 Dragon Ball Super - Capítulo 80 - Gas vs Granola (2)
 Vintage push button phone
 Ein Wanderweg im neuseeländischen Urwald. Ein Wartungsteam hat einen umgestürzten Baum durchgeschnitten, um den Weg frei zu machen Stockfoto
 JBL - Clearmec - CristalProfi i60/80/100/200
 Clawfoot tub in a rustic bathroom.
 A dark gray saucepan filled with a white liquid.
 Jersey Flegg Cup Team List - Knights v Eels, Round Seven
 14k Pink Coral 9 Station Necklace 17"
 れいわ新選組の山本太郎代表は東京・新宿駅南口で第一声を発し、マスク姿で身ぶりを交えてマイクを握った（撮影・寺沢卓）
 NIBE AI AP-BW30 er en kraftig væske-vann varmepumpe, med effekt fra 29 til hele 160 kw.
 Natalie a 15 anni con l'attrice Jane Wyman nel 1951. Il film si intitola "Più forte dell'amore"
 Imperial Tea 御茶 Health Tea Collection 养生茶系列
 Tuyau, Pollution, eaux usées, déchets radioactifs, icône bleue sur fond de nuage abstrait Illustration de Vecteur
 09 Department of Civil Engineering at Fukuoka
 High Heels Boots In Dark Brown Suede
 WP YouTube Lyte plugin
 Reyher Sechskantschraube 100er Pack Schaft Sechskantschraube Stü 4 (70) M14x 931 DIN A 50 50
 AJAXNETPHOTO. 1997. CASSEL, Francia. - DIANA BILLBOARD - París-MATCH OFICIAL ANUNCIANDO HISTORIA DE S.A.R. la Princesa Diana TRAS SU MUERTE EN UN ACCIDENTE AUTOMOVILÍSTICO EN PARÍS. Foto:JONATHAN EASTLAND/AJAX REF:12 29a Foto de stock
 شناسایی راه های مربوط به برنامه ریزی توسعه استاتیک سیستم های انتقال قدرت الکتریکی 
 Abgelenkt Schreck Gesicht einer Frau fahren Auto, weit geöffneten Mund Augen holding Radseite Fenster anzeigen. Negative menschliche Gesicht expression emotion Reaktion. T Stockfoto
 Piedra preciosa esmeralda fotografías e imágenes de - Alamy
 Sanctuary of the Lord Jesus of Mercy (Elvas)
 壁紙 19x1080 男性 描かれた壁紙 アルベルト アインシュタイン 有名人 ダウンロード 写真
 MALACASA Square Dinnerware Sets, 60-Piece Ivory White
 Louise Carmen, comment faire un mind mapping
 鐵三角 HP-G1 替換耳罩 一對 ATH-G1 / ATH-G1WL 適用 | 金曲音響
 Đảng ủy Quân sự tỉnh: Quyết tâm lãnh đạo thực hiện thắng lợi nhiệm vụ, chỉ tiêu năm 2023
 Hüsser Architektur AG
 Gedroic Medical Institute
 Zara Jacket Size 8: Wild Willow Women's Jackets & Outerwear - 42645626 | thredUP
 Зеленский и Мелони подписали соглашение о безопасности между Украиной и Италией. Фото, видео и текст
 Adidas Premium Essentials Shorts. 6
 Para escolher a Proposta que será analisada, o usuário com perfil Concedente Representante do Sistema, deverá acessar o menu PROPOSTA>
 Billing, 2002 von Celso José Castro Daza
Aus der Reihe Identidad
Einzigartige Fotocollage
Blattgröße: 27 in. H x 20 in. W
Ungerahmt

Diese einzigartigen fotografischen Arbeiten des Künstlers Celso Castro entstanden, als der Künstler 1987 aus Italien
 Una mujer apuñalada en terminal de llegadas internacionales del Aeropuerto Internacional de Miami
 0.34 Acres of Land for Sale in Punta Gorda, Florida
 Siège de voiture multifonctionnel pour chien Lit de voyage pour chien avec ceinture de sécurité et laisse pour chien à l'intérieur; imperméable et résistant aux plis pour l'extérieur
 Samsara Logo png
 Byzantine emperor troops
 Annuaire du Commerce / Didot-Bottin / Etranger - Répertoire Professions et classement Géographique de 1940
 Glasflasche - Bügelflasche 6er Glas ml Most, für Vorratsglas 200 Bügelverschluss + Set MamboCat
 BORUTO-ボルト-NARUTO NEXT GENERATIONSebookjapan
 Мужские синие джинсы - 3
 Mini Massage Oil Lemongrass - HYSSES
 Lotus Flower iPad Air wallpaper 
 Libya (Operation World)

·····

WORK TO COMPLETE >>
You are asked to transcribe the complete data exactly.

TASK ANSWER >>
 Dragon Ball Super - Capítulo 80 - Gas vs Granola (2)
 Vintage push button phone
 Ein Wanderweg im neuseeländischen Urwald. Ein Wartungsteam hat einen umgestürzten Baum durchgeschnitten, um den Weg frei zu machen Stockfoto
 JBL - Clearmec - CristalProfi i60/80/100/200
 Clawfoot tub in a rustic bathroom.
 A dark gray saucepan filled with a white liquid.
 Jersey Flegg Cup Team List - Knights v Eels, Round Seven
 14k Pink Coral 9 Station Necklace 17"
 れいわ新選組の山本太郎代表は東京・新宿駅南口で第一声を発し、マスク姿で身ぶりを交えてマイクを握った（撮影・寺沢卓）
 NIBE AI AP-BW30 er en kraftig væske-vann varmepumpe, med effekt fra 29 til hele 160 kw.
 Natalie a 15 anni con l'attrice Jane Wyman nel 1951. Il film si intitola "Più forte dell'amore"
 Imperial Tea 御茶 Health Tea Collection 养生茶系列
 Tuyau, Pollution, eaux usées, déchets radioactifs, icône bleue sur fond de nuage abstrait Illustration de Vecteur
 09 Department of Civil Engineering at Fukuoka
 High Heels Boots In Dark Brown Suede
 WP YouTube Lyte plugin
 Reyher Sechskantschraube 100er Pack Schaft Sechskantschraube Stü 4 (70) M14x 931 DIN A 50 50
 AJAXNETPHOTO. 1997. CASSEL, Francia. - DIANA BILLBOARD - París-MATCH OFICIAL ANUNCIANDO HISTORIA DE S.A.R. la Princesa Diana TRAS SU MUERTE EN UN ACCIDENTE AUTOMOVILÍSTICO EN PARÍS. Foto:JONATHAN EASTLAND/AJAX REF:12 29a Foto de stock
 شناسایی راه های مربوط به برنامه ریزی توسعه استاتیک سیستم های انتقال قدرت الکتریکی 
 Abgelenkt Schreck Gesicht einer Frau fahren Auto, weit geöffneten Mund Augen holding Radseite Fenster anzeigen. Negative menschliche Gesicht expression emotion Reaktion. T Stockfoto
 Piedra preciosa esmeralda fotografías e imágenes de - Alamy
 Sanctuary of the Lord Jesus of Mercy (Elvas)
 壁紙 19x1080 男性 描かれた壁紙 アルベルト アインシュタイン 有名人 ダウンロード 写真
 MALACASA Square Dinnerware Sets, 60-Piece Ivory White
 Louise Carmen, comment faire un mind mapping
 鐵三角 HP-G1 替換耳罩 一對 ATH-G1 / ATH-G1WL 適用 | 金曲音響
 Đảng ủy Quân sự tỉnh: Quyết tâm lãnh đạo thực hiện thắng lợi nhiệm vụ, chỉ tiêu năm 2023
 Hüsser Architektur AG
 Gedroic Medical Institute
 Zara Jacket Size 8: Wild Willow Women's Jackets & Outerwear - 42645626 | thredUP
 Зеленский и Мелони подписали соглашение о безопасности между Украиной и Италией. Фото, видео и текст
 Adidas Premium Essentials Shorts. 6
 Para escolher a Proposta que será analisada, o usuário com perfil Concedente Representante do Sistema, deverá acessar o menu PROPOSTA>
 Billing, 2002 von Celso José Castro Daza
Aus der Reihe Identidad
Einzigartige Fotocollage
Blattgröße: 27 in. H x 20 in. W
Ungerahmt

Diese einzigartigen fotografischen Arbeiten des Künstlers Celso Castro entstanden, als der Künstler 1987 aus Italien
 Una mujer apuñalada en terminal de llegadas internacionales del Aeropuerto Internacional de Miami
 0.34 Acres of Land for Sale in Punta Gorda, Florida
 Siège de voiture multifonctionnel pour chien Lit de voyage pour chien avec ceinture de sécurité et laisse pour chien à l'intérieur; imperméable et résistant aux plis pour l'extérieur
 Samsara Logo png
 Byzantine emperor troops
 Annuaire du Commerce / Didot-Bottin / Etranger - Répertoire Professions et classement Géographique de 1940
 Glasflasche - Bügelflasche 6er Glas ml Most, für Vorratsglas 200 Bügelverschluss + Set MamboCat
 BORUTO-ボルト-NARUTO NEXT GENERATIONSebookjapan
 Мужские синие джинсы - 3
 Mini Massage Oil Lemongrass - HYSSES
 Lotus Flower iPad Air wallpaper 
 Libya (Operation World)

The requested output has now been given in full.